С одной стороны, здесь присутствует критика «колониальной обломовщины», тон которой был задан, как ранее отмечено в книге, Михаилом Лермонтовым (романистом и очеркистом): «Выступая в роли колонизаторов и совершенно не прикрываясь никакими рассуждениями о государственной необходимости, террористической опасности и прочими стандартными в этом случае оговорками, русские офицеры на Кавказе – в основном выходцы из помещичьих семей – в массе своей просто лениво и незатейливо проживают жизнь. Создается впечатление, что они даже не заботятся о том, чтобы использовать свое положение для личного обогащения, как это обычно делают колонизаторы из других стран. Очевидно, что типичная для них форма поведения (о чем в свое время напишет и Л.Н. Толстой) – это лениво-посредственное, без усердия и заботы о достижении цели исполнение воли царя. То есть ведут они себя как люди, несущие повинность и делающие вынужденную работу, как титулованные или нетитулованные холопы, посланные исполнять свой крепостной “урок” по завоеванию чужих территорий». С другой стороны – налицо проекция к статье-манифесте Велимира Хлебникова «О расширении географических пределов русской поэзии», в которой говорится о долге русской литературы перед коренными народами обширных пространств России и о том, что русской литературе нужны не новый Пушкин и Достоевский, а новый Пржевальский.
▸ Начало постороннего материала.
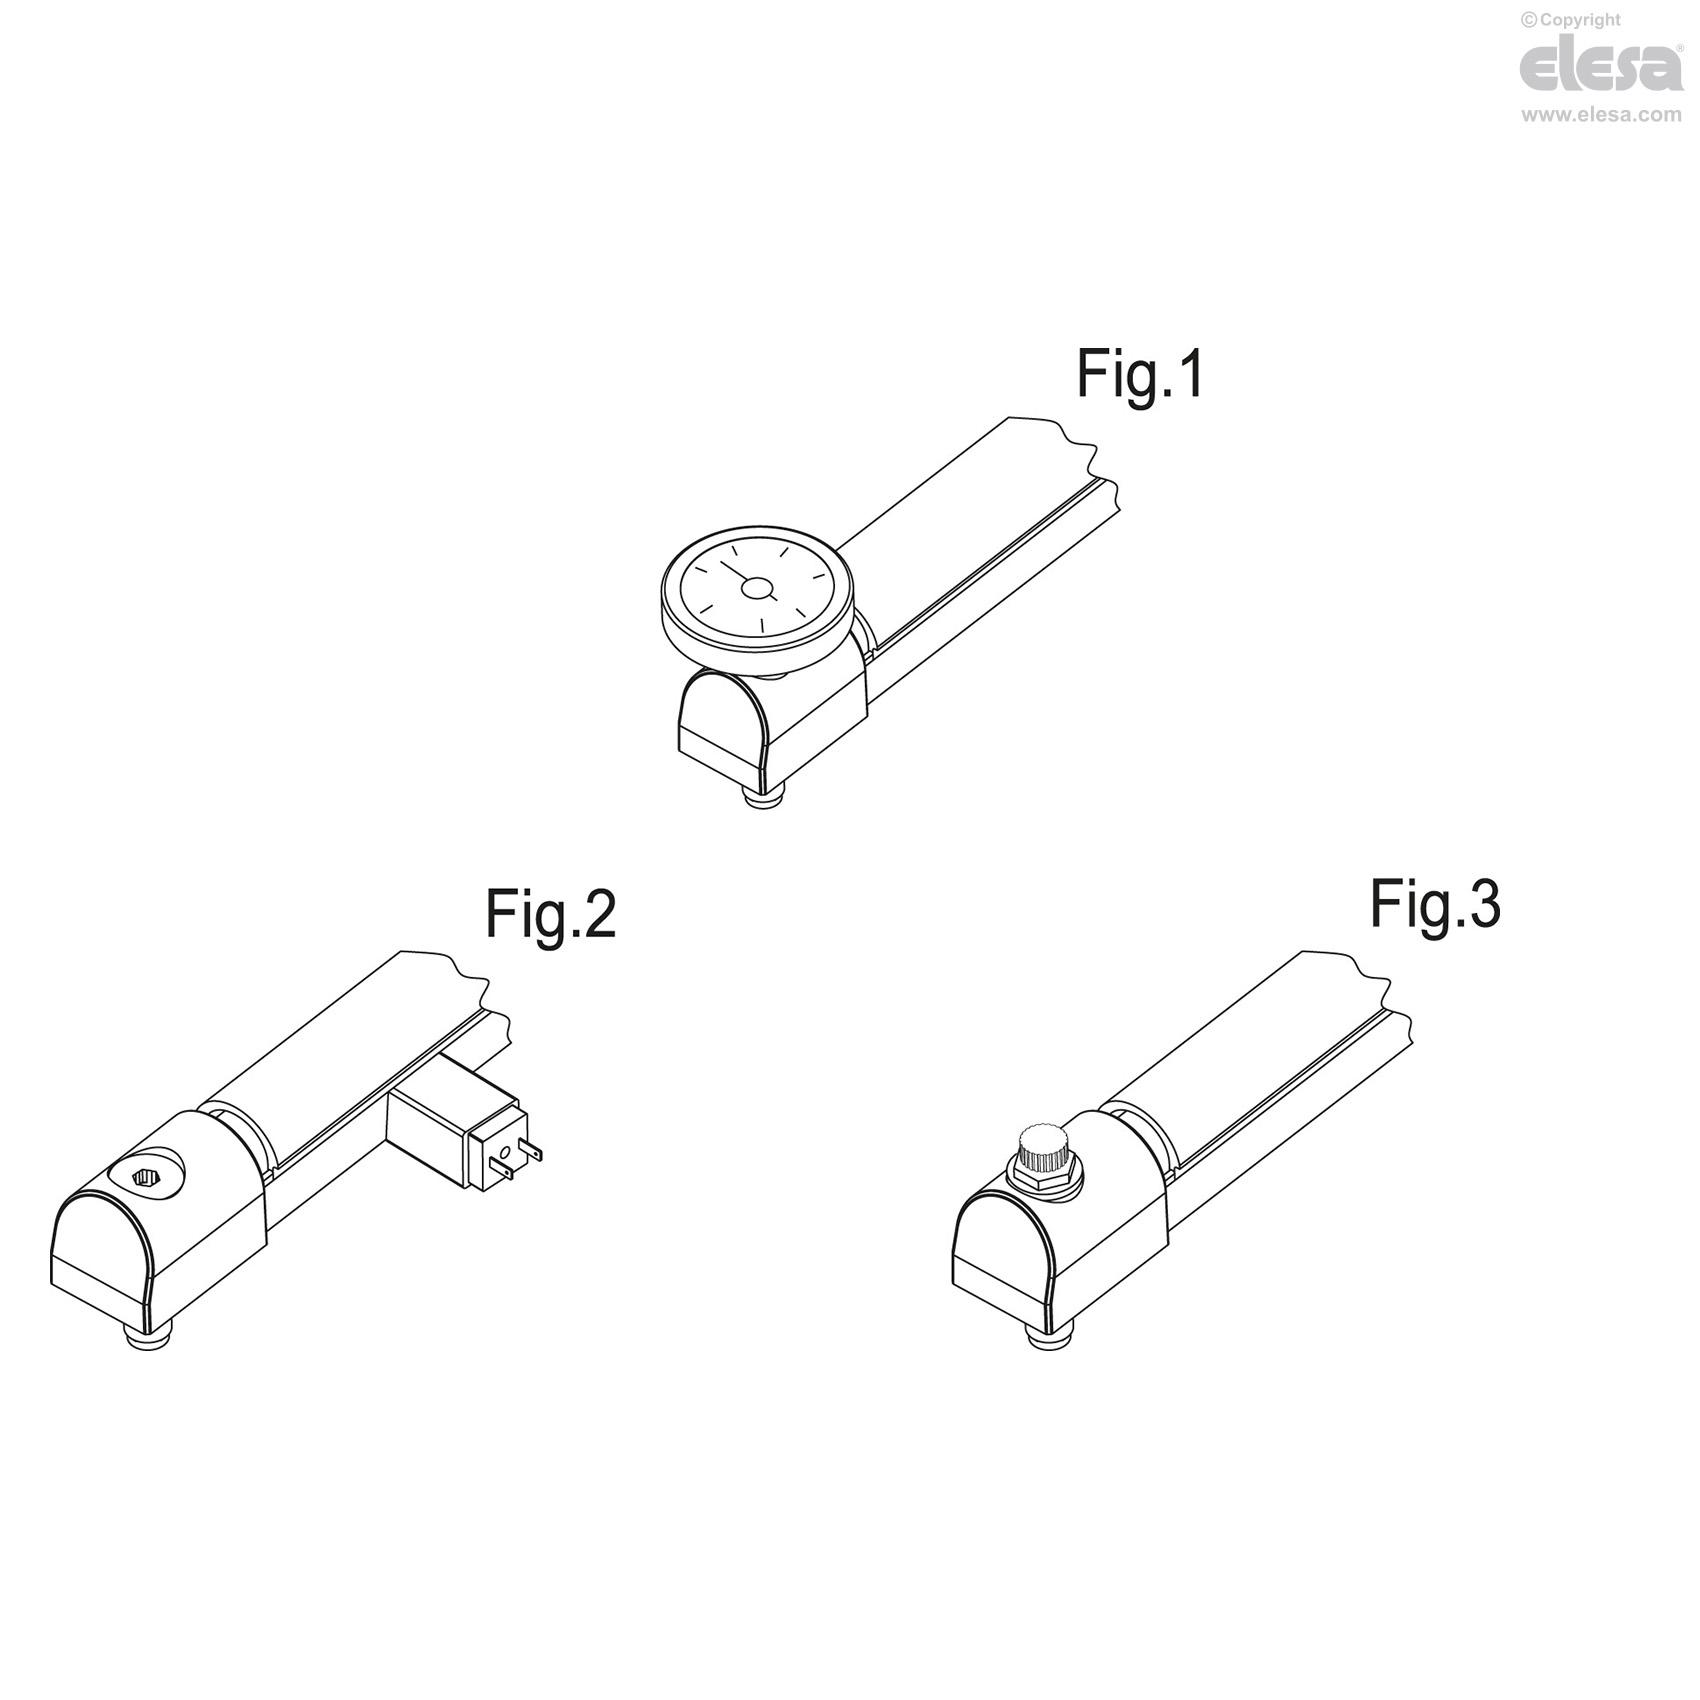 Elesa 111011-NP Column Level Indicators Without Transparent Front Protection Transparent Technopolymer Tube Aluminum Support Hck-Np Model 6.46 x 1.3 x 2.09
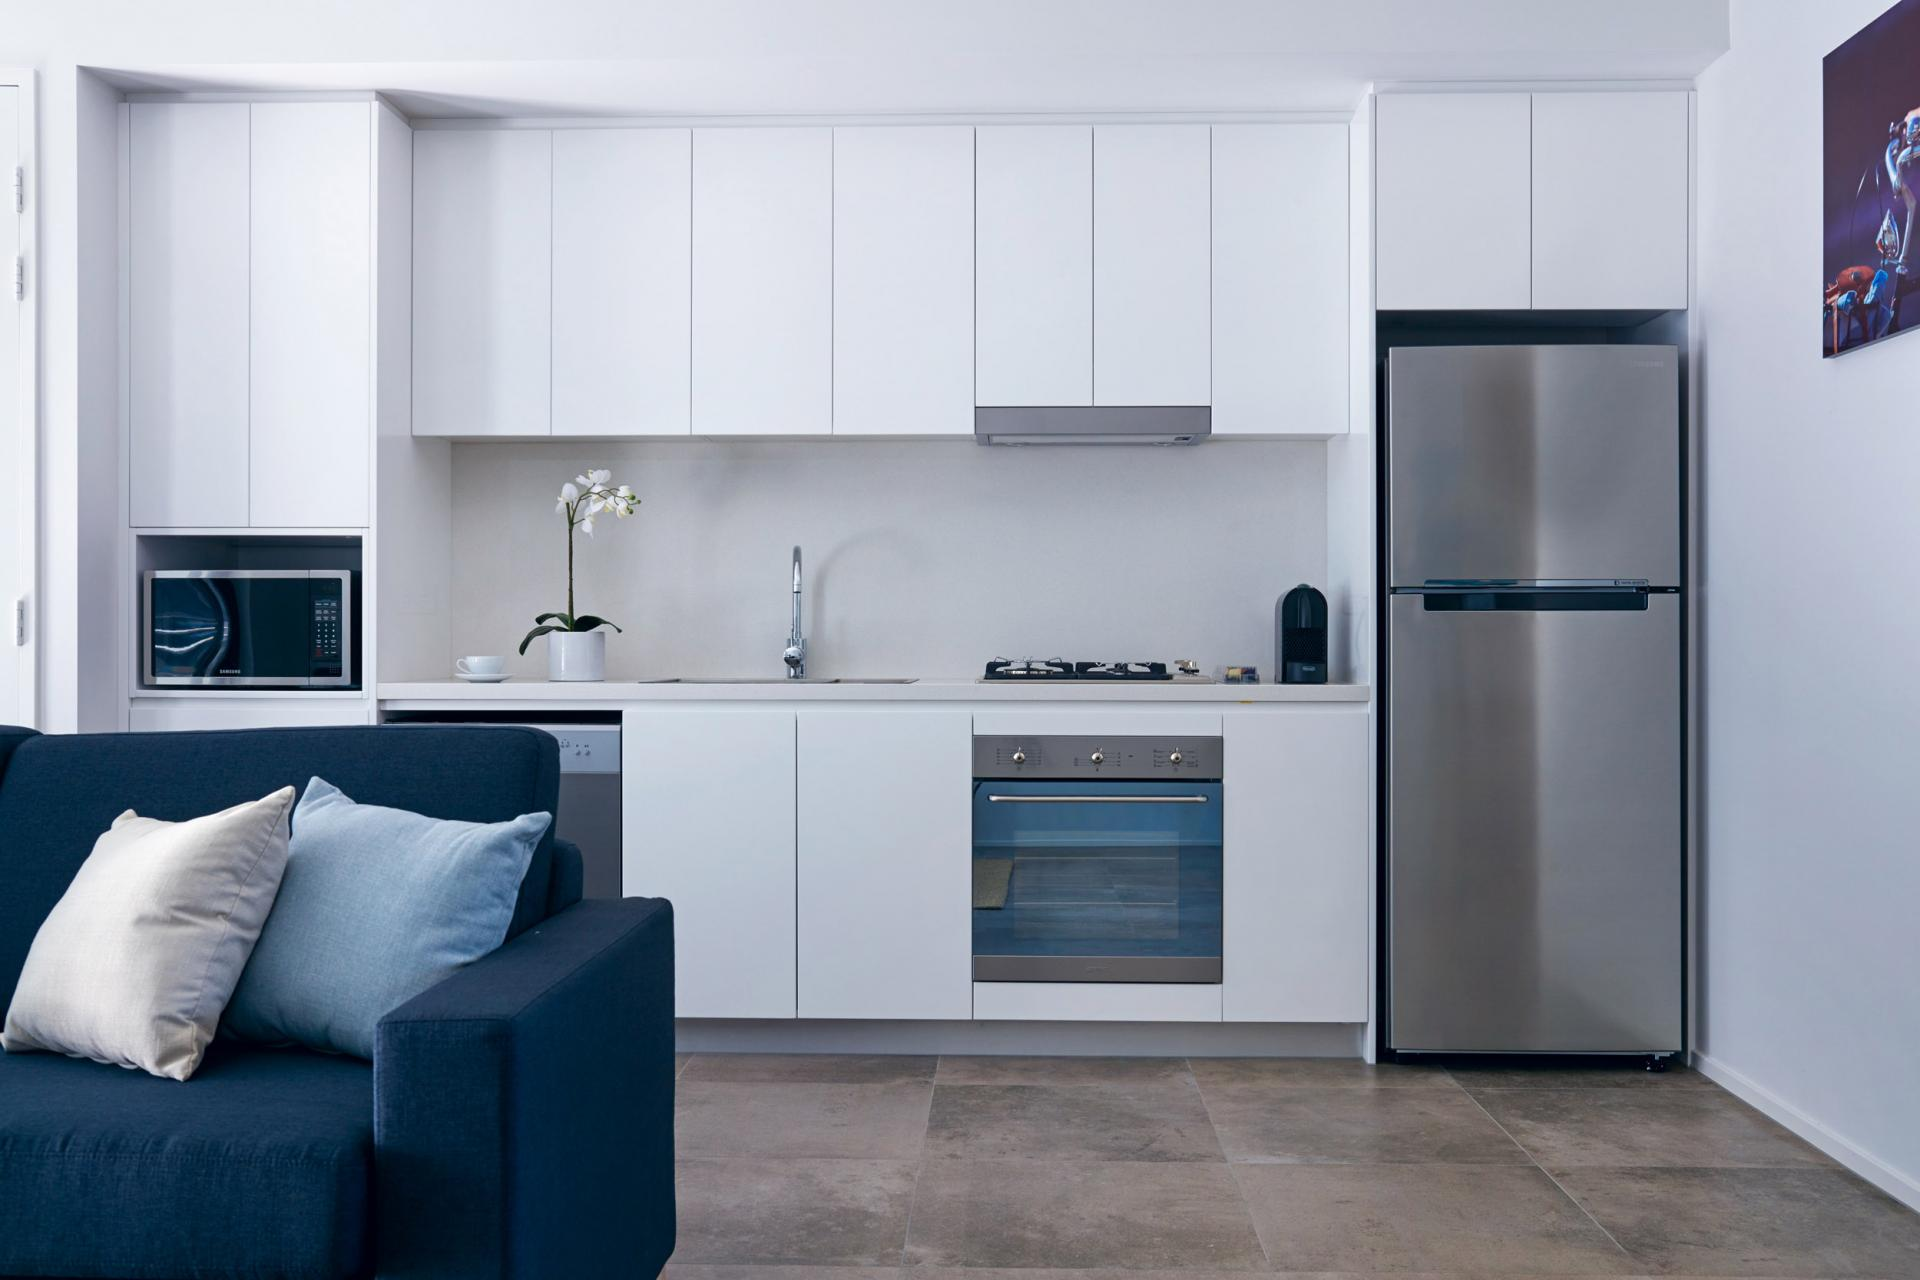 Kitchen at Veriu Camperdown Apartments

Петербург (и Петербургский текст) – особый способ прочтения России, выработки правильной «грамматики» такого дисциплинарного и дисциплинирующего чтения, сопровождающегося издержками человеческих отходов, на которых сосредотачивают внимание собранные под обложкой «Русского мировоззрения» писатели (рассказ Писемского с неоцененным в своей знаменательности названием «Питерщик», согласно которому сама природа русского Нечерноземья заставляет крестьян отрешится от пусть и убогого, но все же как-то устроенного земледельческого быта и превращаться в перекати-поле). В этом отношении и «Тарантас» Соллогуба – образец «антипитерского» текста: «Люди совестливые! Не ищите родных вдохновений в петербургских залах, где танцуют и говорят по-французски. Поверьте, вы найдете их скорее в бедной хате, заваленной снегом, на теплой лежанке, где слепой старик поведает вам нараспев чудные предания, полные огня и душевной молодости.».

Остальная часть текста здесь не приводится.